→ DIRECTIONS FOR THIS TASK:
Lines before the one containing "par Isa Vercelloni" are excluded; retype that line and all remaining lines of the material exactly.

→ DATASET SECTION:

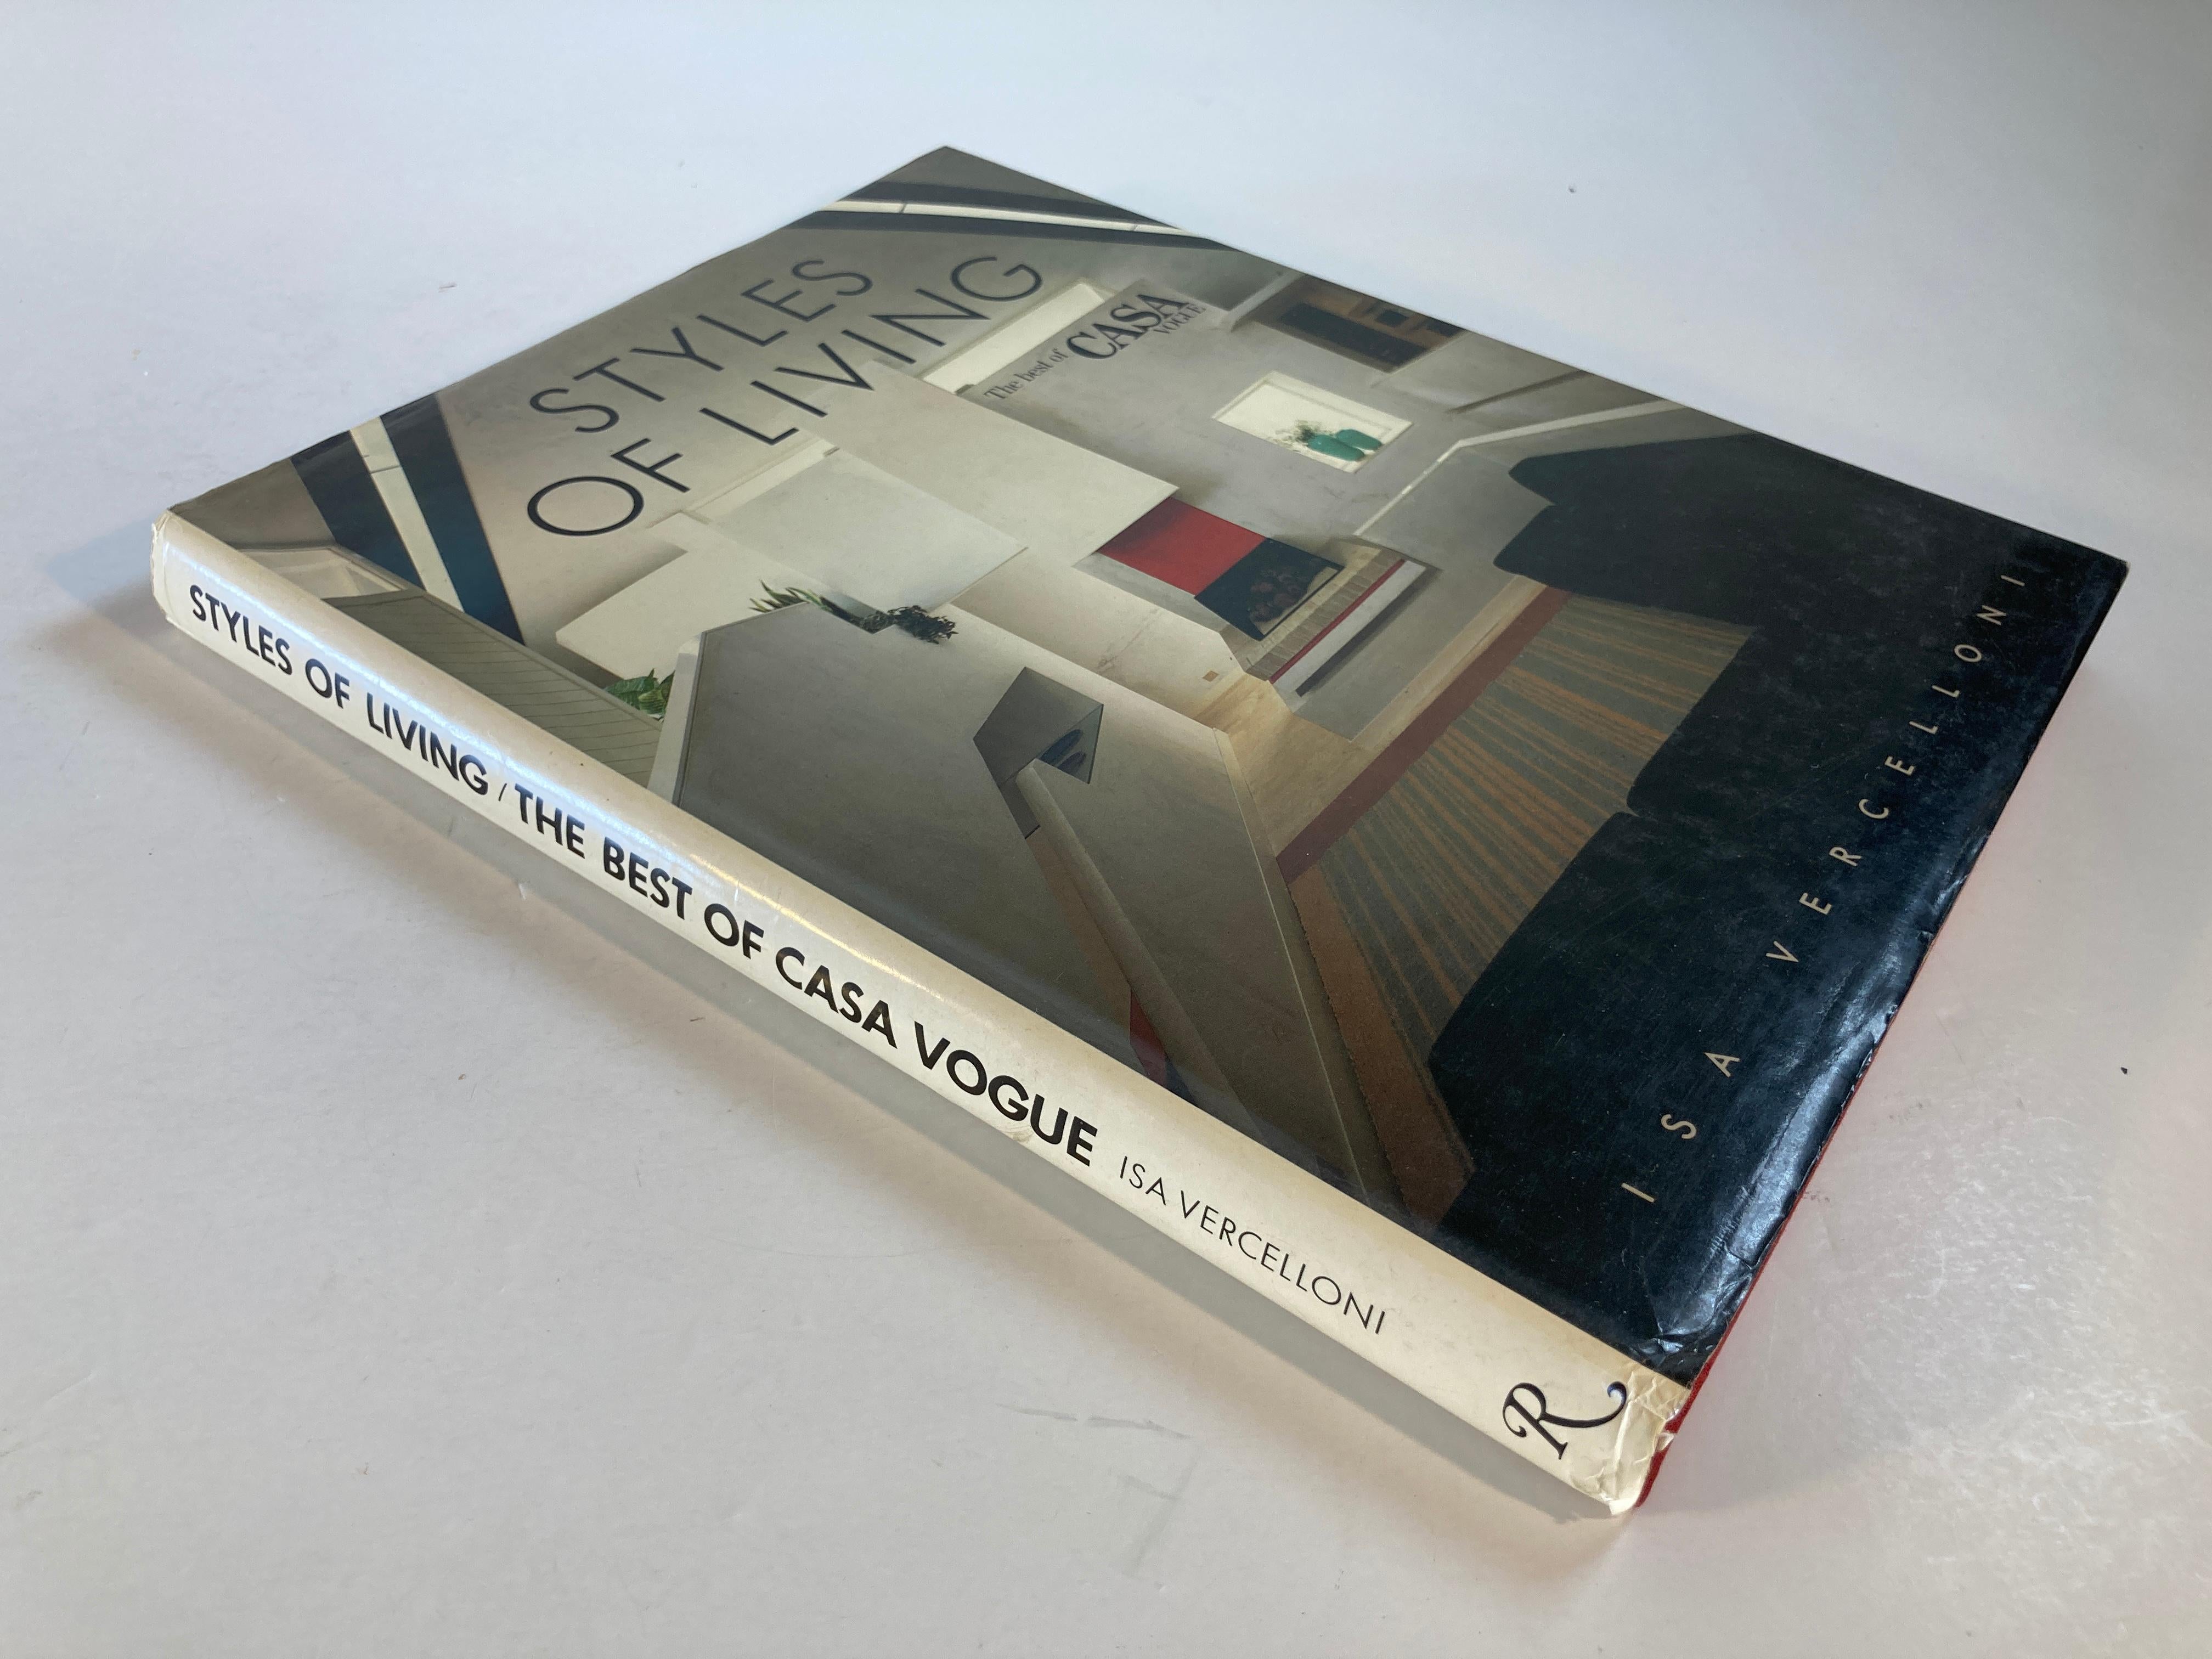 Styles of Living : The Best of Casa Vogue, livre relié de table à café.
par Isa Vercelloni
New York : Rizzoli, 1985.
Il s'agit d'un recueil de maisons fabuleuses, présentant sans honte le style de vie des personnes très riches et très

→ SOLUTION FOR THIS EXERCISE:
par Isa Vercelloni
New York : Rizzoli, 1985.
Il s'agit d'un recueil de maisons fabuleuses, présentant sans honte le style de vie des personnes très riches et très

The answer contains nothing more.